Defensemen Brent Burns and Dmitry Orlov are due to become unrestricted free agents on July 1. Burns said Friday he has been so consumed with the playoffs and finishing out this season that he had not had time to think about his future. Orlov said he could not say if he would return while adding he had become comfortable with the organization, team and the city in his two seasons with the Canes.
Defenseman Alexander Nikishin is now in the position of learning more about his new team, his surroundings. Rushed out of Russia soon after the KHL playoffs to join the Hurricanes, Nikishin made his NHL debut in the Stanley Cup playoffs and got in four games as he attempted to go through a crash course on Brind’Amour brand of hockey.
Nikishin had Andrei Svechnikov acting as a translator Friday for the media session. Asked about the quick transition, he said: “It was a big experience. I will know what to expect now next season. I’m glad I came now and played in the playoffs.”
With Nikishin and defenseman Scott Morrow being thrust into the playoffs, gaining invaluable experience, a replacement for Burns or Orlov, or both, will be available. Nikishin was voted the best defenseman in the KHL the past two years by the league’s general managers.
If anything, it should be an interesting, perhaps intriguing offseason for the Hurricanes. But the emphasis now in in making them a stronger Cup contender, not just reaching the playoffs.
Becoming a Cup contender
For a bit of perspective, flash back to the 2015-16 season.
The Canes were 35-31-16 with Bill Peters as coach and finished sixth in the Metro Division with 86 points, 10 points out of playoff position. Jeff Skinner was the team’s leading scorer with 51 points, and the Canes had three players with 20 or more goals: Skinner (28), Victor Rask (21) and Jordan Staal (20).
The Canes traded away their captain, Eric Staal. The roster included Riley Nash, Chris Terry, Ryan Murphy, Andrej Nestrasil and Brad Malone. The goalie: Cam Ward and Eddie Lack.
At the exit interviews in April 2016, defenseman Justin Faulk said, “This is not a place we want to be, and we’ve been here for a while and it’s tough.”

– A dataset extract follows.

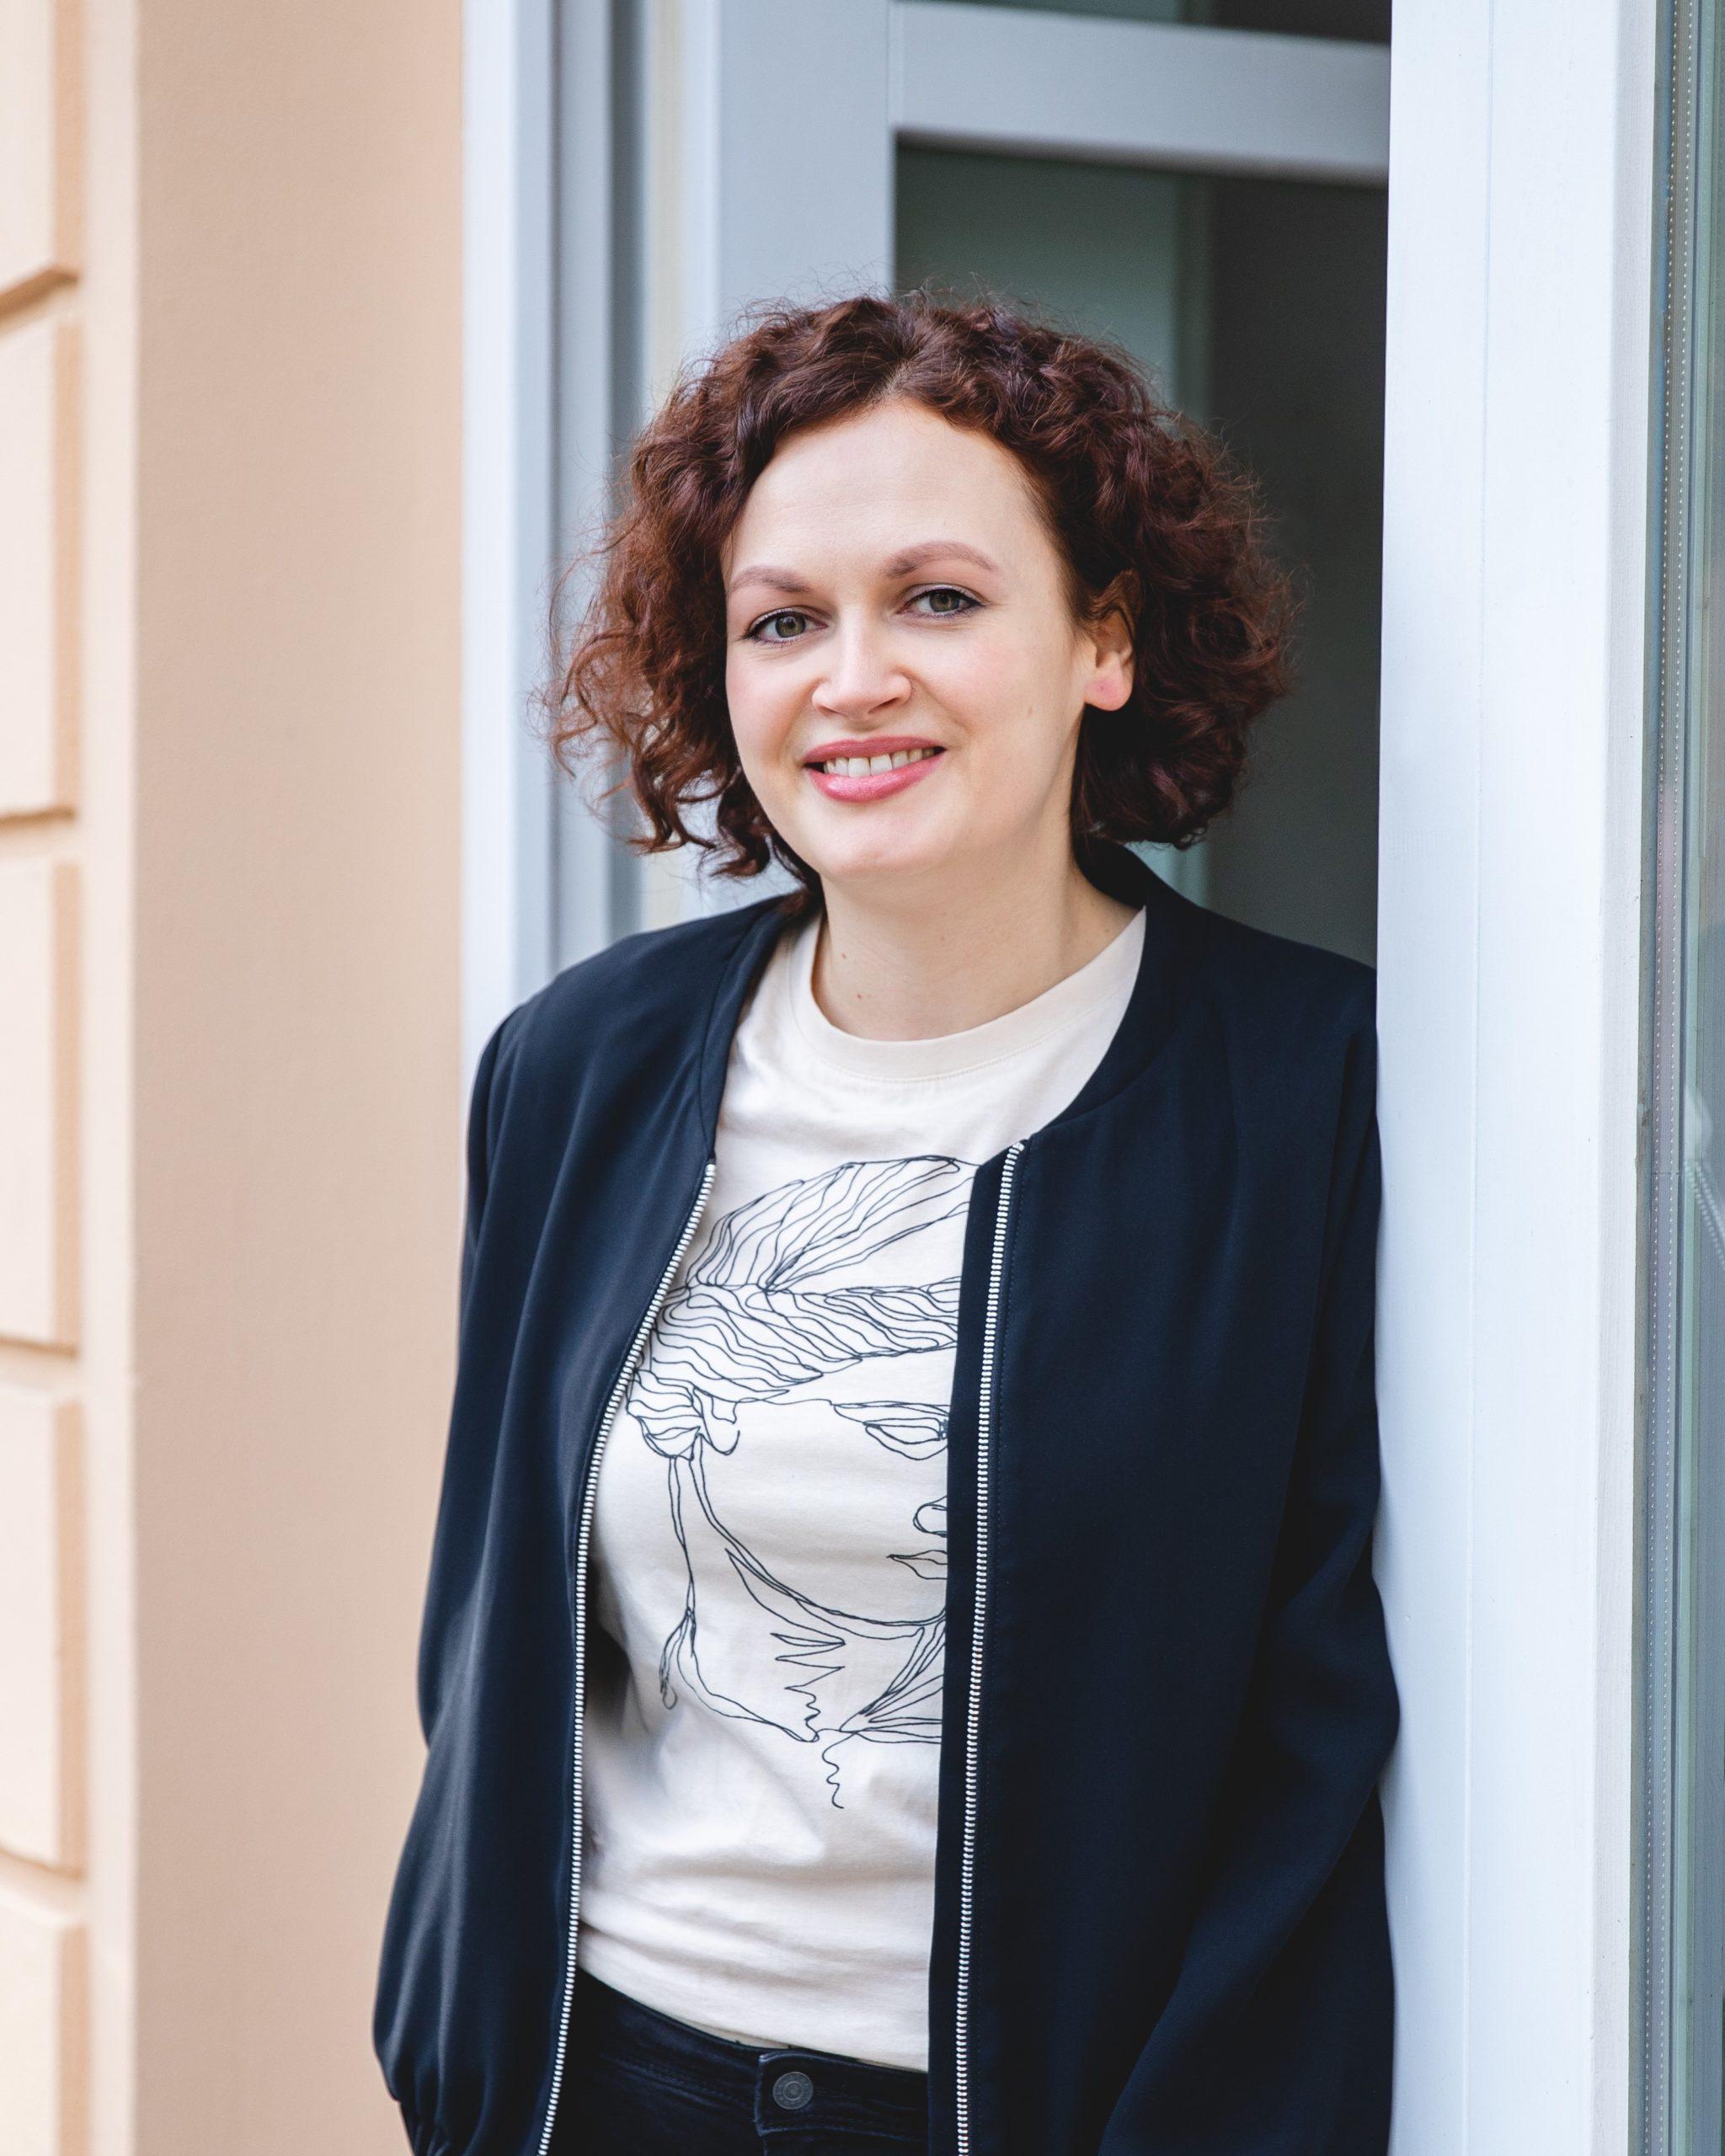 Dr. Lina Strauss Lektorin und Texterin Berlin

That Canes team also had two rookie defensemen in the lineup for much of that season: Slavin and Brett Pesce. The Canes also had another rookie D-man, 19-year-old Noah Hanifin, and the threesome played a combined 211 games.
“That doesn’t happen, it’s unbelievable,” Peters said then of playing three rookies on the back end.
As the Hurricanes prepare for the 2025-26 season, so much has changed: ownership, management, head coach, rosters. expectations. The questions now are more about the makeup of the team, the system used by Brind’Amour, and whether it translates to the grind and demands of the Stanley Cup playoffs.
“Everybody talks about it as ‘our style, our style,’ and you look at the way Florida plays,” forward Jordan Martinook said. “We play very similar to that. If they can win that way, I think we can win playing that way.”
Some in the national media called the Canes’ play “boring” this season.. Canes captain Jordan Staal disagreed.
“The idea that we’re boring ... I mean we’re literally chasing pucks all game long and we’re not sitting back and it’s a fun game,” Stall said. “If you step in the Carolina Hurricanes building and watch the game, you won’ t be bored.”